Under \(H_0\) and regularity conditions, \(\Lambda\) is asymptotically chi-squared distributed with degrees of freedom equal to the difference in the number of free parameters between models.

Assumptions

  1. The null model must be nested within the alternative model (i.e., obtainable by constraining parameters of the alternative).

  2. Both likelihoods must be computed from the same dataset.

  3. Standard regularity conditions for asymptotic chi-squared distribution must hold (true parameter not on boundary, etc.).

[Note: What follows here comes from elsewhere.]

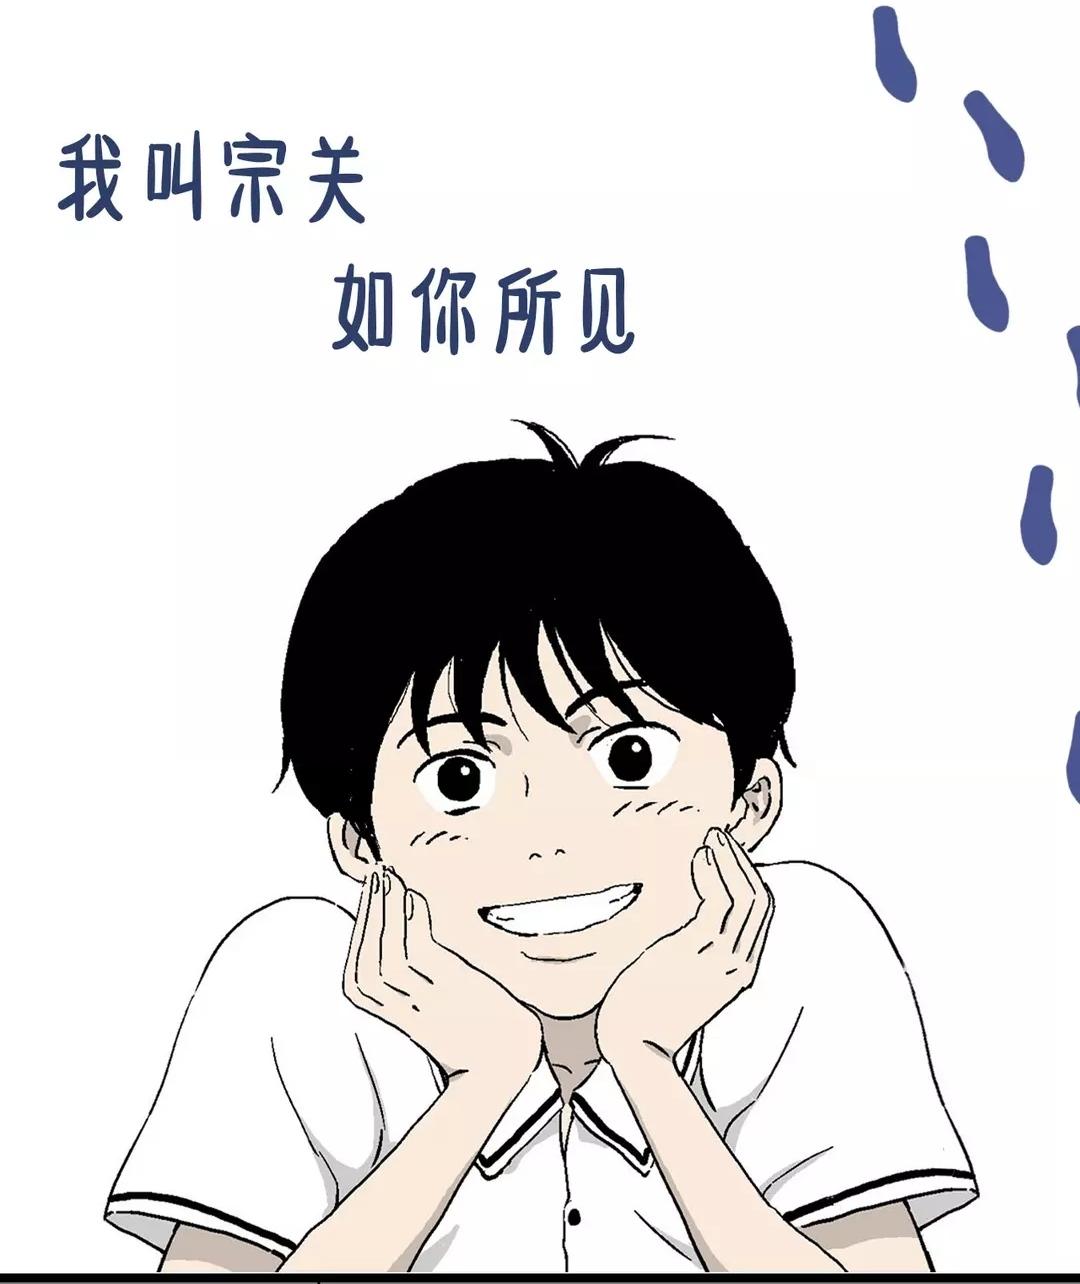 【漫画】〈我叫宗关,如你所见〉小清新漫画《漫画一生》

Relationship to Other Tests

The LRT is one of the "holy trinity" of likelihood-based tests, alongside the Wald test (wald_test()) and the score (Lagrange multiplier) test. All three are asymptotically equivalent under \(H_0\), but the LRT is often preferred because it is invariant to reparameterization.

See also

wald_test() for testing individual parameters, stats::logLik() for extracting log-likelihoods from fitted models

Examples

# Comparing nested regression models with raw log-likelihoods
# Null model: y ~ x1 (log-likelihood = -150)
# Alt model:  y ~ x1 + x2 + x3 (log-likelihood = -140)
# Difference: 3 additional parameters

test <- lrt(null_loglik = -150, alt_loglik = -140, dof = 3)
test
#> Hypothesis test (likelihood_ratio_test)
#> -----------------------------
#> Test statistic: 20
#> P-value: 0.000169742435552826
#> Degrees of freedom: 3
#> Significant at 5% level: TRUE

# Is the more complex model significantly better?
is_significant_at(test, 0.05)
#> [1] TRUE

# Extract the test statistic (should be 20)
test_stat(test)
#> [1] 20

# Using logLik objects (dof computed automatically)
ll_null <- structure(-150, df = 2, nobs = 100, class = "logLik")
ll_alt  <- structure(-140, df = 5, nobs = 100, class = "logLik")
lrt(ll_null, ll_alt)  # dof = 5 - 2 = 3
#> Hypothesis test (likelihood_ratio_test)
#> -----------------------------
#> Test statistic: 20
#> P-value: 0.000169742435552826
#> Degrees of freedom: 3
#> Significant at 5% level: TRUE

# With real models (any model supporting stats::logLik)
set.seed(42)
x <- 1:50
y <- 2 + 3 * x + rnorm(50)
m0 <- lm(y ~ 1)
m1 <- lm(y ~ x)
lrt(logLik(m0), logLik(m1))
#> Hypothesis test (likelihood_ratio_test)
#> -----------------------------
#> Test statistic: 365.2825932939
#> P-value: 1.99222035561072e-81
#> Degrees of freedom: 1
#> Significant at 5% level: TRUE